Does this stuff always leave a greasy film on the water? I'm in the process of rinsing out the first bucketful (figured bit by bit would be easier) and I've rinsed it a few times now...and it still leaves a film at the surface of the water. I'd been warned in advance that it was a pain to rinse, but this is nuts.


----------



## t0rns0ul (Dec 27, 2008)

i had the same issue, but it rinsed off pretty quickly..

It goes by faster if you dont leave it unattended. Instead keep pushing the hose down into the sand, use your hand from time to time to stir up the sand. When the bucket fills up with water, pour off the greasy water and repeat. I had three 50lb bags washed in about an hour


----------



## SinisterKisses (Feb 24, 2004)

That's exactly what I was doing, except instead of using my hand "from time to time" to stir it up, I was CONSTANTLY stirring it up as the water was flowing through it. Still took forever, I couldn't even be bothered to do the whole bag.


----------



## MalawiLover (Sep 12, 2006)

Mine had losts of dust in it, but nothing I would call greasy.


----------



## djoneser (Mar 20, 2008)

It took me more like 3 hours to do 150 lbs of the stuff, and make sure you have a dish glove or something on your hand(s) when you rinse it, or your hand will go black (or whatever color the substrate is). I had put like 20 lbs into a 5gallon bucket at a time, and used a small hand shovel to mix it around.


----------



## acrosstic (Mar 24, 2008)

It is a glass (Ceramic) coated Silica sand. So dust is very possible. Greasy doesn't make sense, it is probably just a hazy dust film that doesn't mix with water and gives the impression of greasy.

The glove is also useful, because without it, your wet hand+sand+time=worn hands.
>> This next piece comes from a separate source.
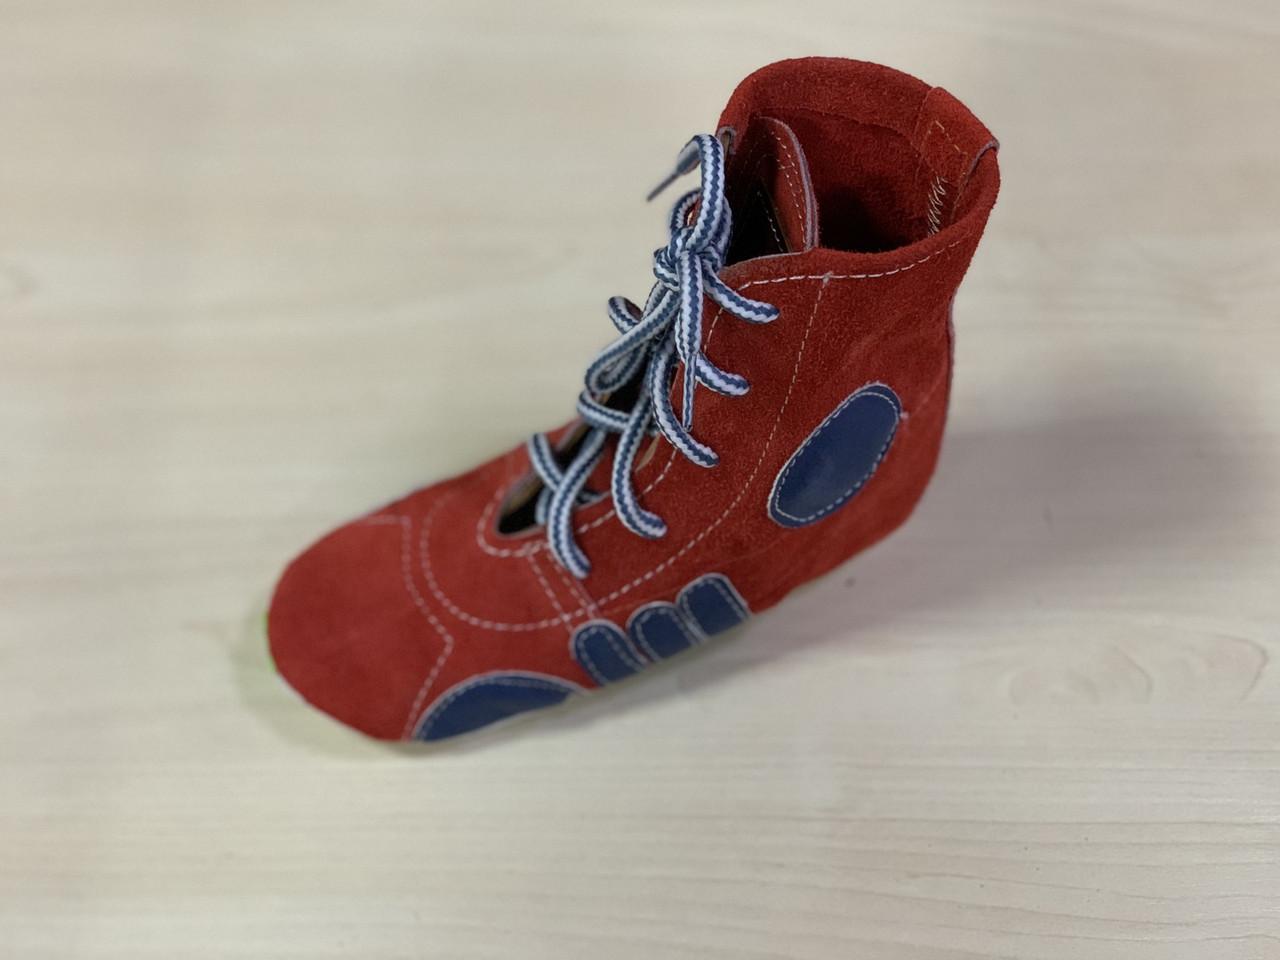 Борцовки Лерман красные с синими вставками подошва замш р.32

I am getting some for my new 125, money permitting.


----------



## spotmonster (Nov 23, 2006)

Yes, it does make that GREASY film on the water. BUT, I had no such film in my tank, only in the buckets during rinsing.

What makes it quick and easy is to use the hose method. I bought a 4 ft hose with connectors on it, and hooked it to my faucet in my utility sink. Put the colorquartz half full in the bucket and ran the water directly in at full pressure. This made it much quicker and easy. And when added to my tank, there was zero film, and zero cloudiness.


----------